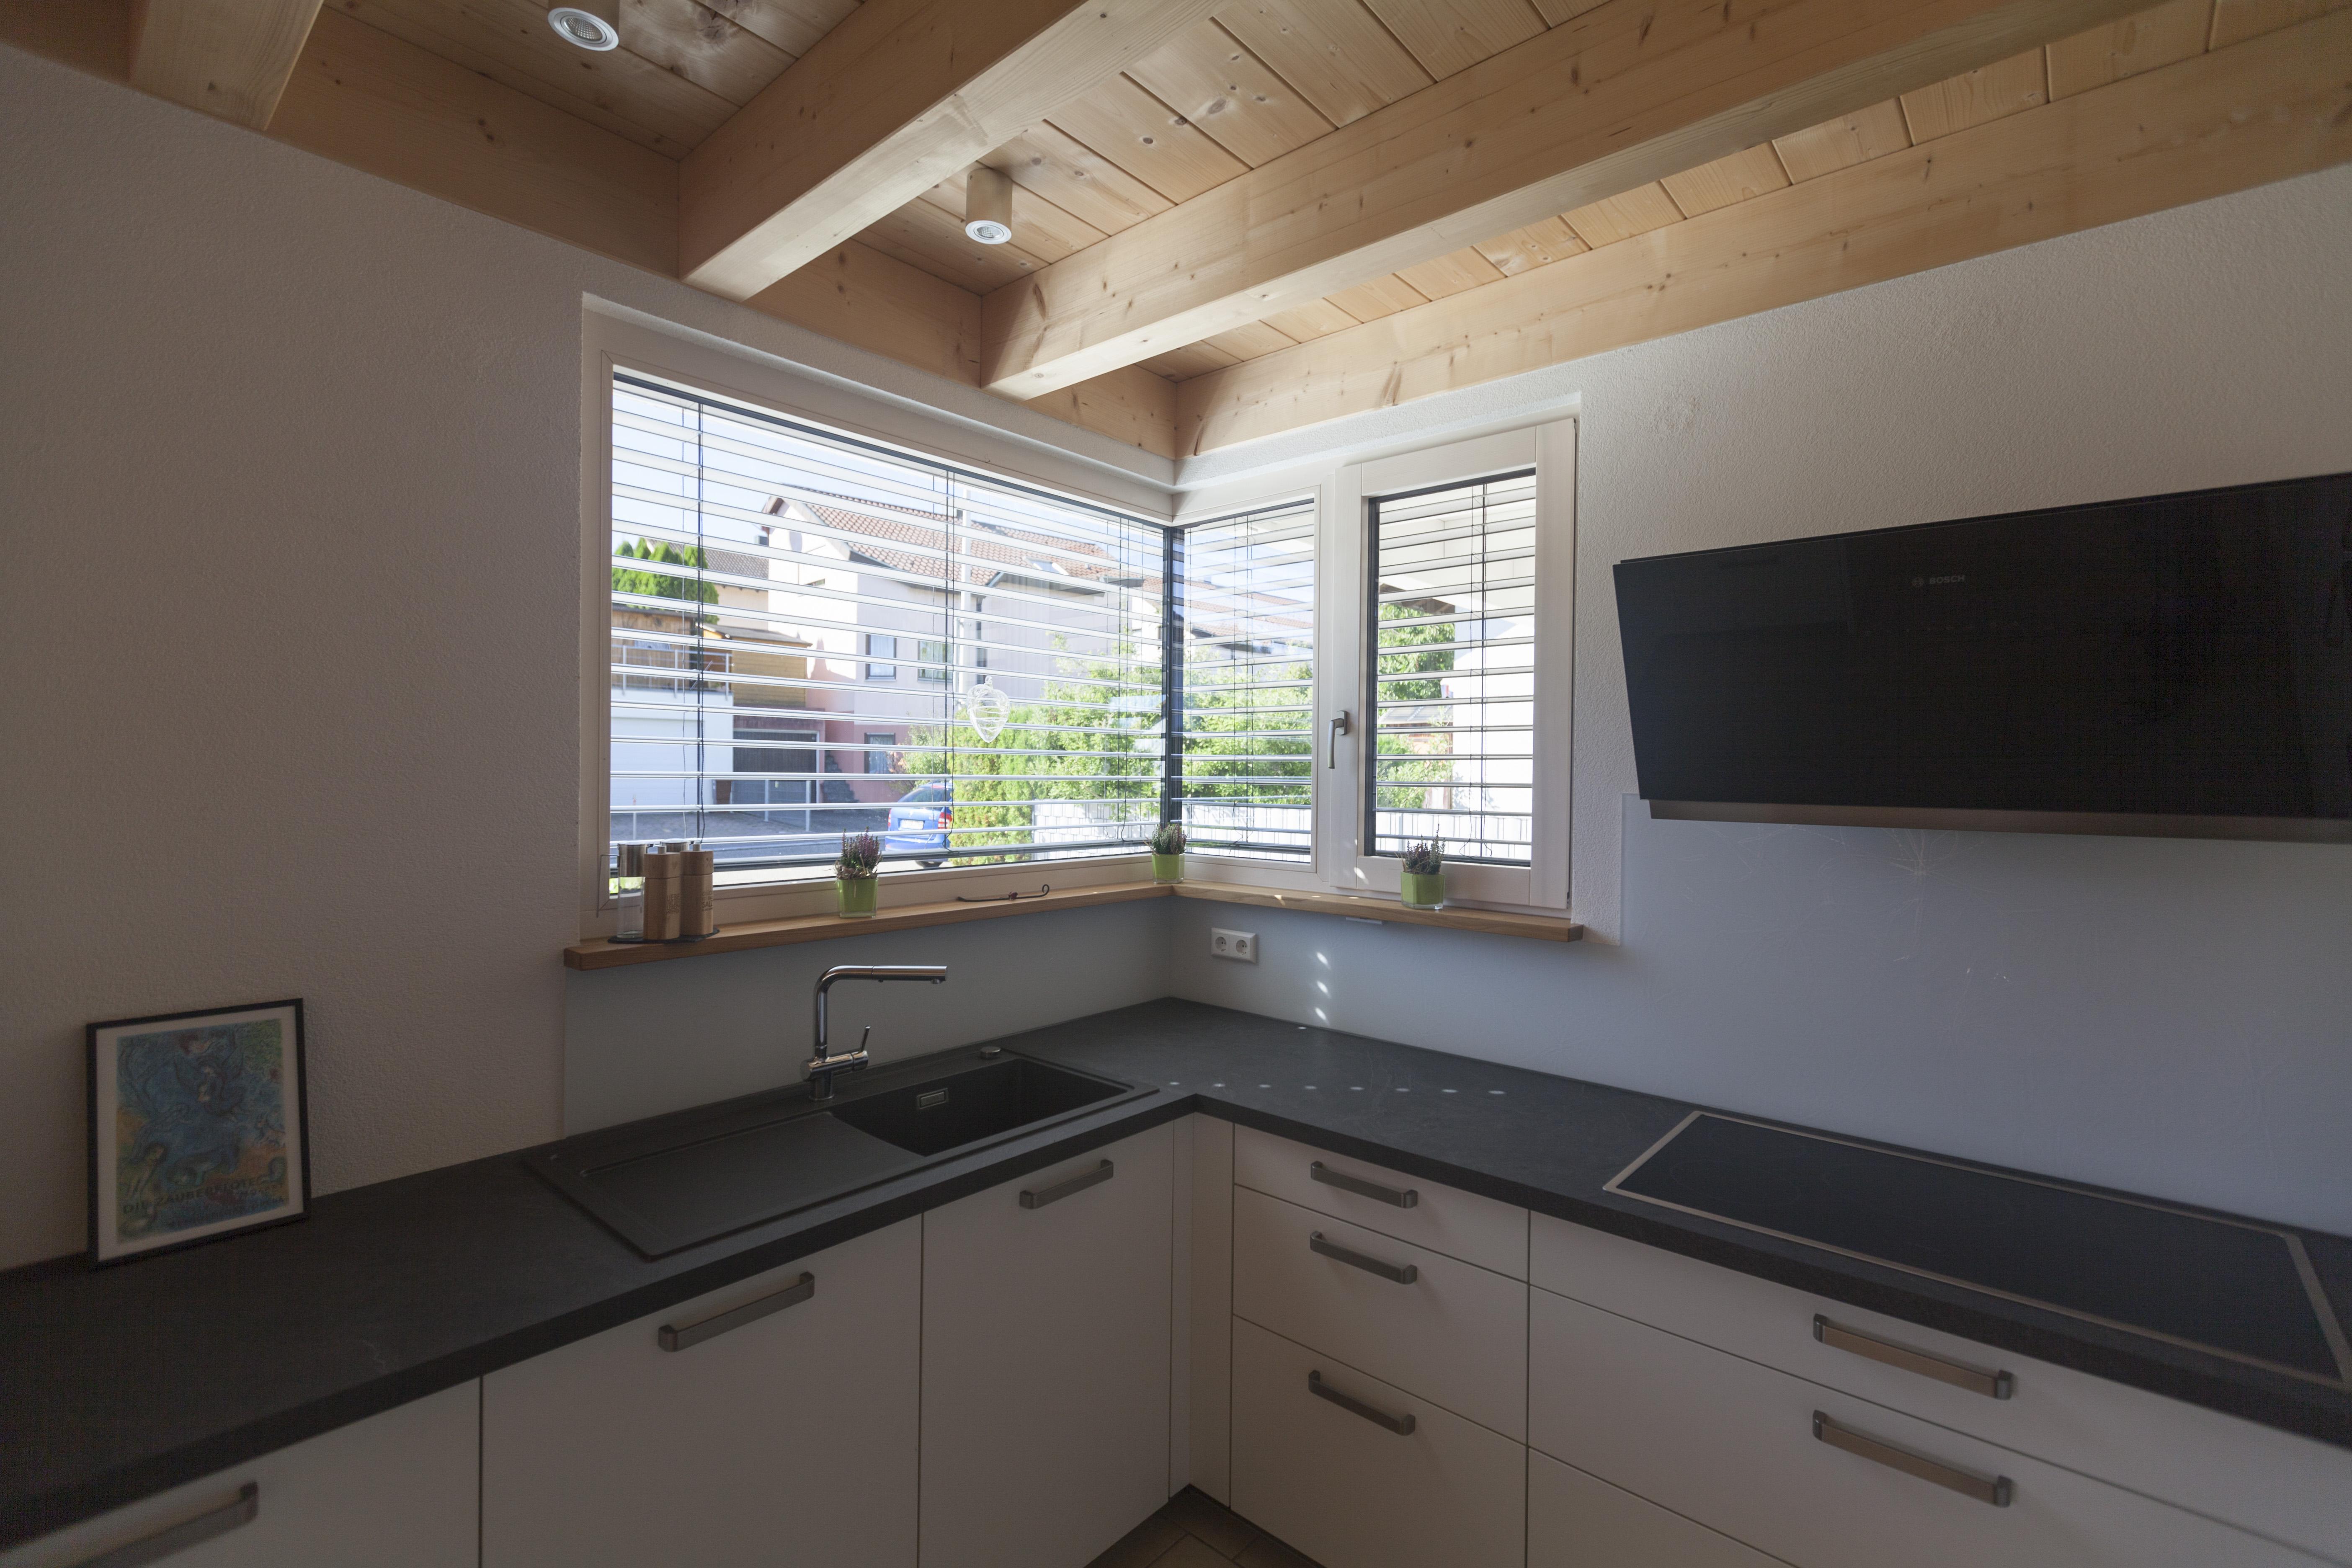 holz alu fenster bei einfamilienhaus in niefern pforzheimer fensterbau. Black Bedroom Furniture Sets. Home Design Ideas
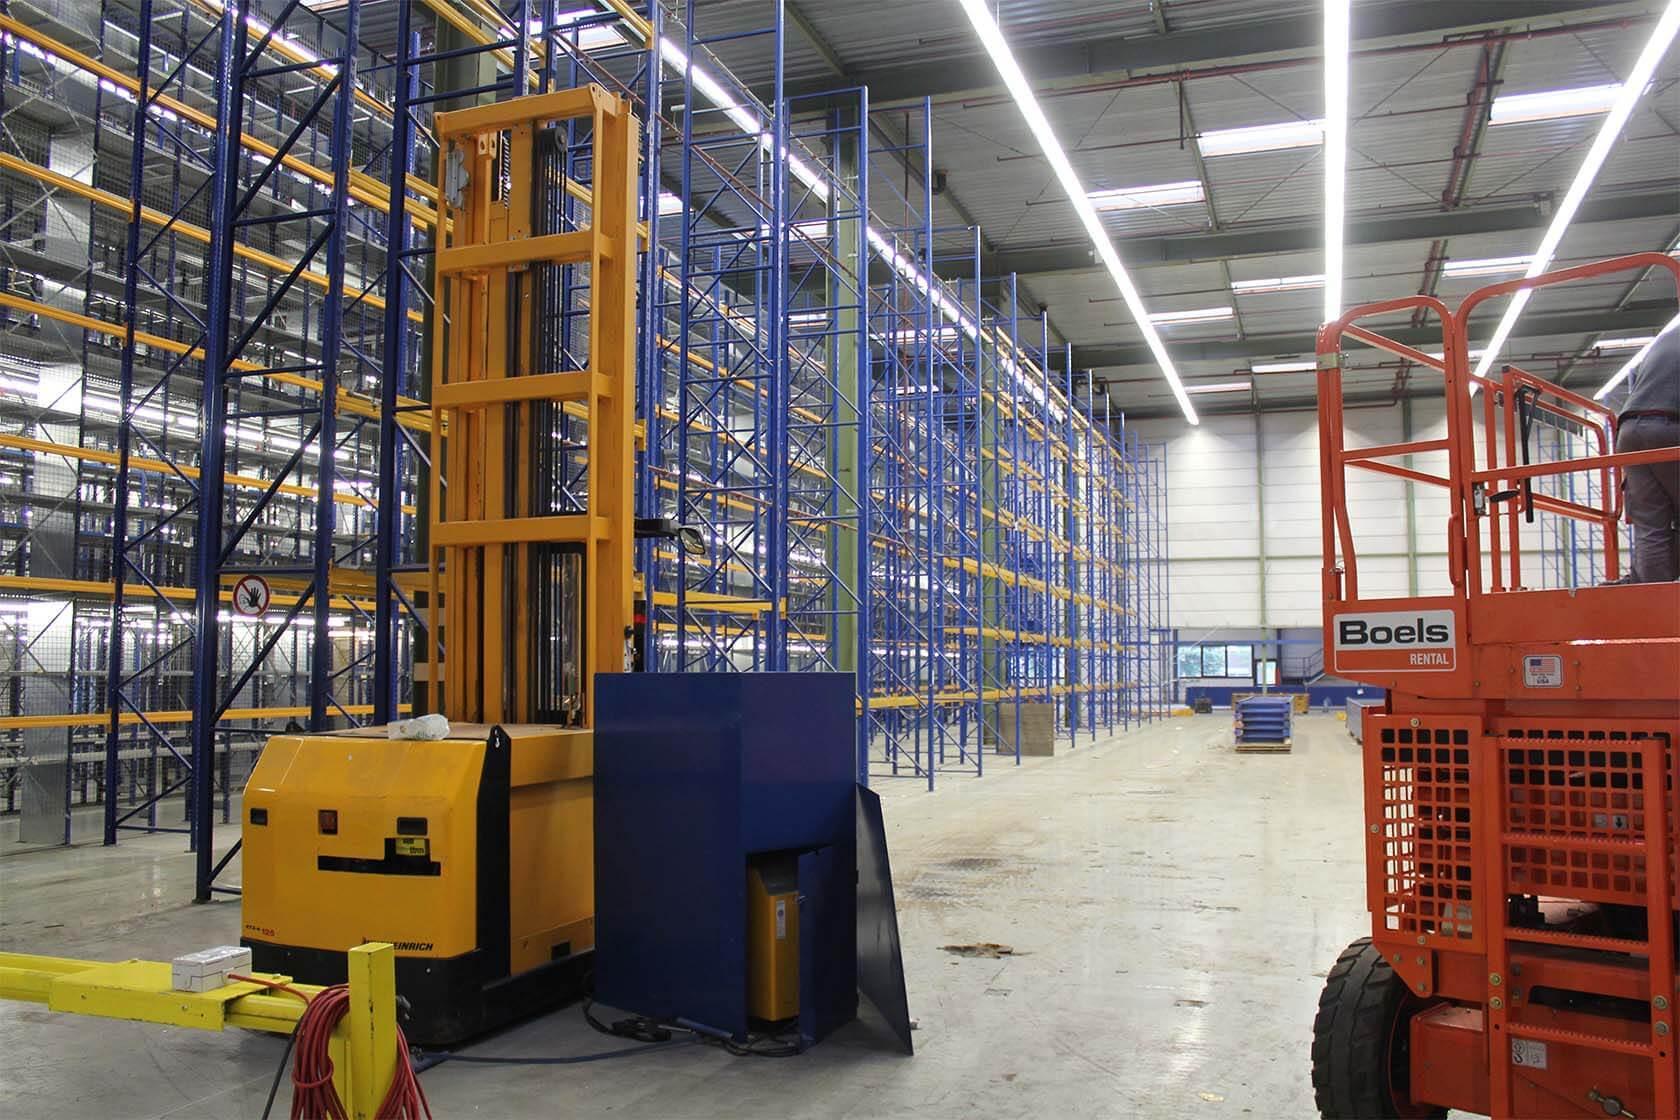 Nutzungsänderung Beantragen nutzungsänderung und umbau in einer industrieanlage in langen
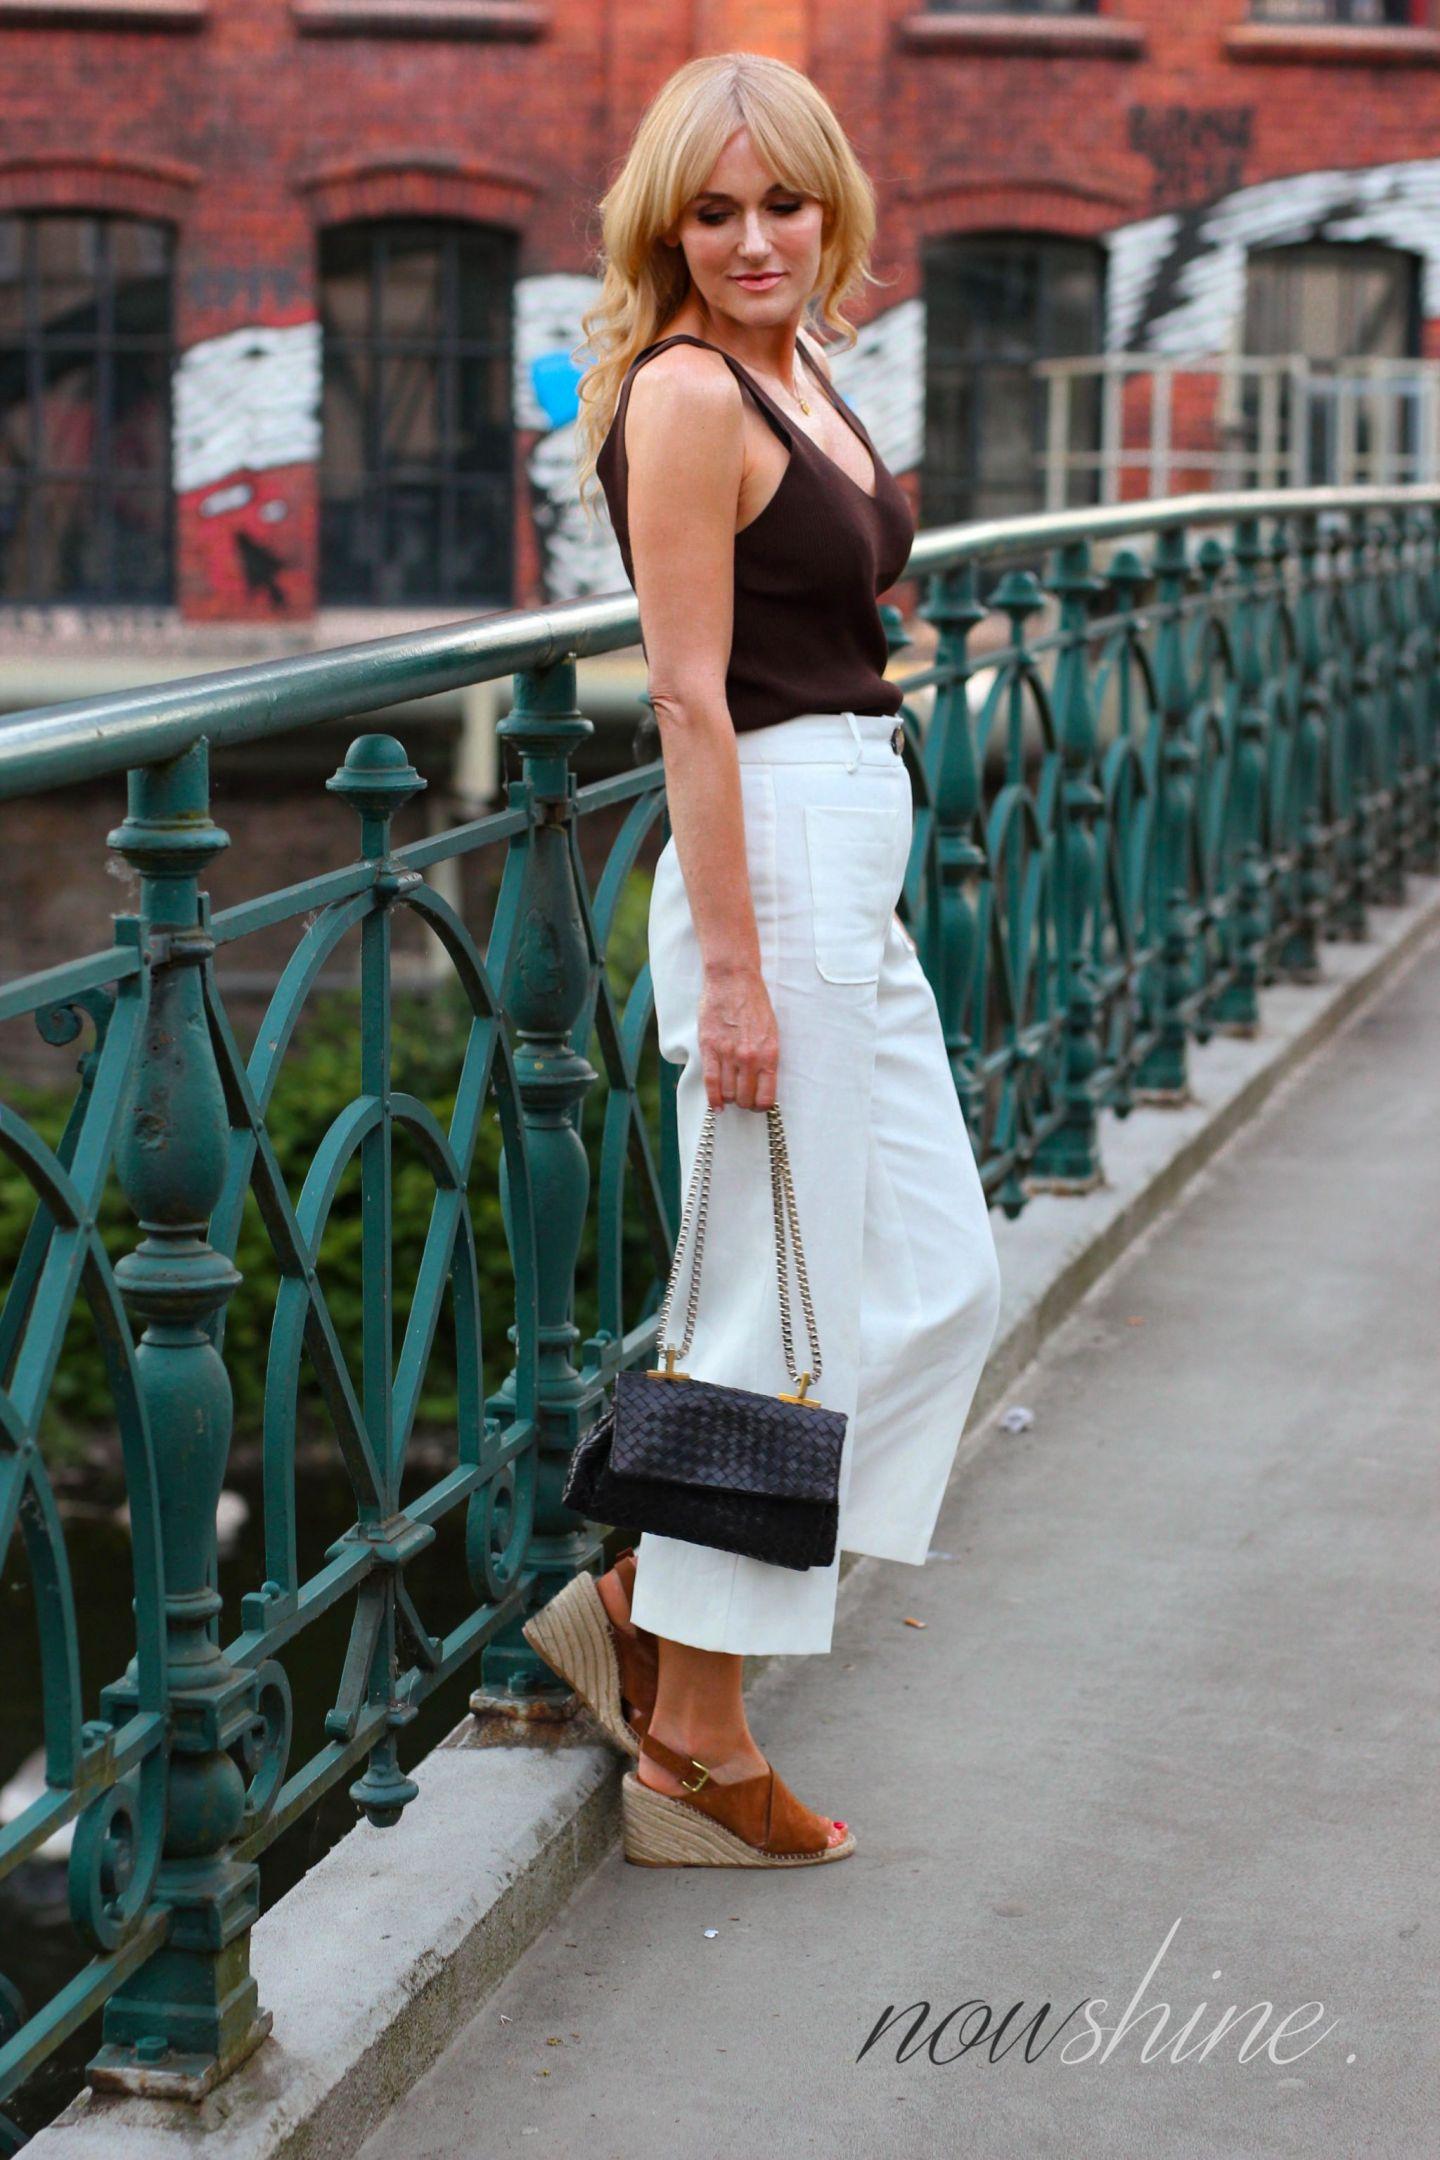 sommerliches Outfit mit Sandalen von H&M Premium - Nowshine ü40 Fashion Blog

-------

• **EXERCISE PROMPT**
When a picture appears in the material, please pass over it while retyping the rest exactly.

• **ANSWER FOR THIS EXERCISE**
 holz alu fenster bei einfamilienhaus in niefern pforzheimer fensterbau. Black Bedroom Furniture Sets. Home Design Ideas
 Nutzungsänderung Beantragen nutzungsänderung und umbau in einer industrieanlage in langen
 sommerliches Outfit mit Sandalen von H&M Premium - Nowshine ü40 Fashion Blog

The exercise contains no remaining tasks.